The Jacob was a stout ship, though, and, after some discussion, the corsairs decided that, instead of scuppering her, they would put a skeleton crew aboard and have them sail the Jacob back to Algiers, where they could re-outfit her as a corsair vessel. The corsair captain appointed thirteen men from among the contingent of janissary soldiers aboard his ship to man her. But these men were soldiers rather than sailors, and the Jacob was a new and unfamiliar ship to them. So the corsair captain chose four of the Jacob’s crew—the youngest and therefore least likely to pose a threat—to manage the sails on the voyage back to Algiers.
The corsair fleet sailed on in search of new prey, and the Jacob began the voyage to Algiers.
The four young English sailors—John Cooke, William Ling, David Jones, and Robert Tuckey—were in despair. The janissaries aboard the Jacob were all armed with flintlocks, scimitars, and long knives. Their Commander was a squat bull of a man, implacably stern, unyielding as an iron post. If the young Englishmen didn’t do as they were ordered quickly enough—and none of the janissaries spoke proper English, so the orders were always unclear—they were slapped and punched, thrashed with ropes, or pricked with the wickedly sharp point of the janissary Commander’s knife.
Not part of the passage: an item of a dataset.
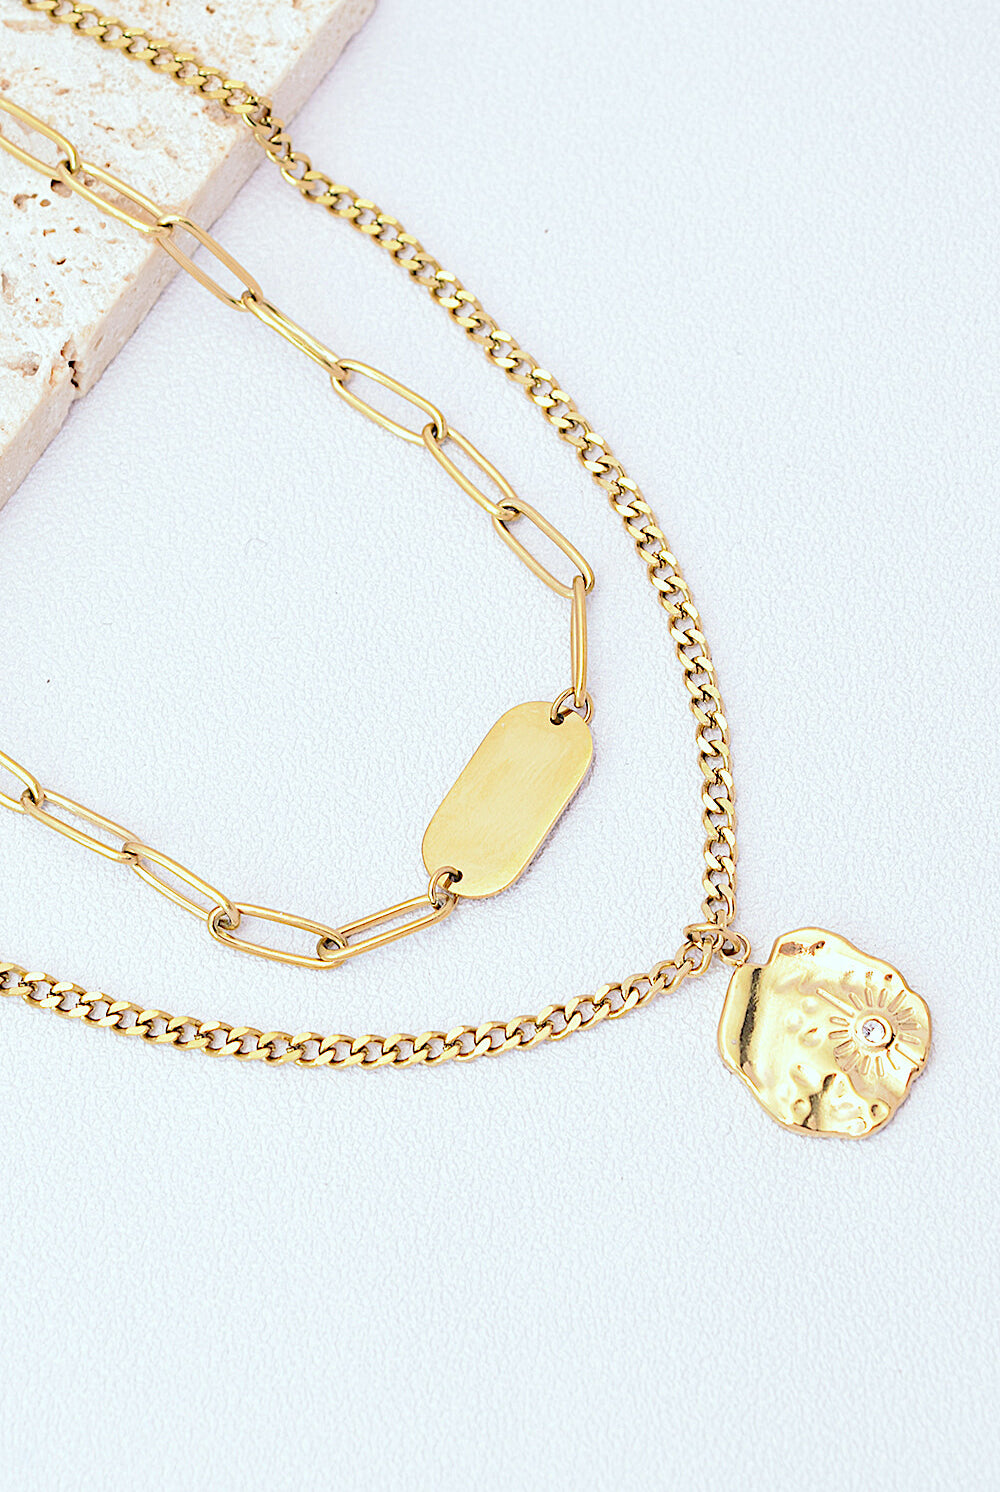 Gold-plated double-layered necklace featuring a bar detail on the upper chain and a detailed circular pendant on the lower chain, set against a white background.

And they had only worse to look forward to. They had all heard stories of what it was like to be a slave in Algiers, to be chained and beaten, to labor continuously from sunup till dusk, fed only on coarse bread and water, to have nothing but damp, hard boards for a bed. Or… cruelest fate of all, to be assigned to one of the corsair raiding galleys as a slave at the oars, to row for hour after hour, day after day, endlessly… until they collapsed and died of exhaustion or sickness and were slung overboard like so much unwanted rubbish.
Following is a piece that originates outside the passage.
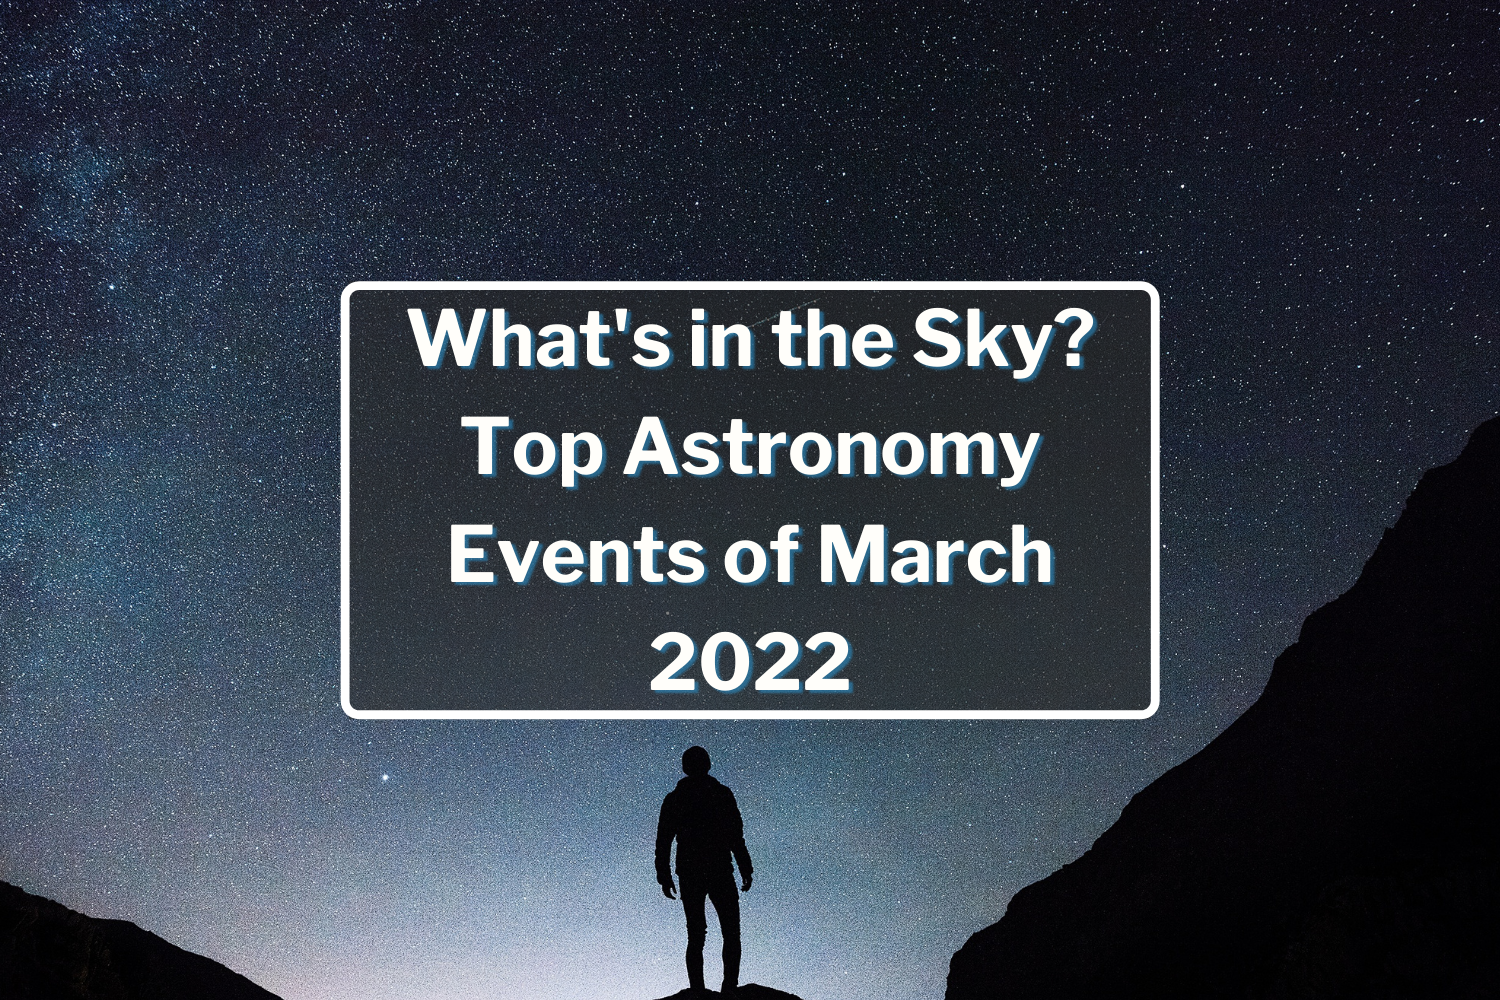 Top Astronomy Events of March 2022

If the young Englishmen had come from well-to-do families, they might have been able to count on being ransomed. But they were all poor. There was no chance of ransom for any of them.
When they were not up in the shrouds managing the sails, the four young sailors sat about listlessly, staring mutely at each other, overwhelmed by the horror of what awaited them.
For five days things went on like this, with the young sailors growing more and more despairing.
And then, in the black middle of the fifth night, a storm struck the Jacob.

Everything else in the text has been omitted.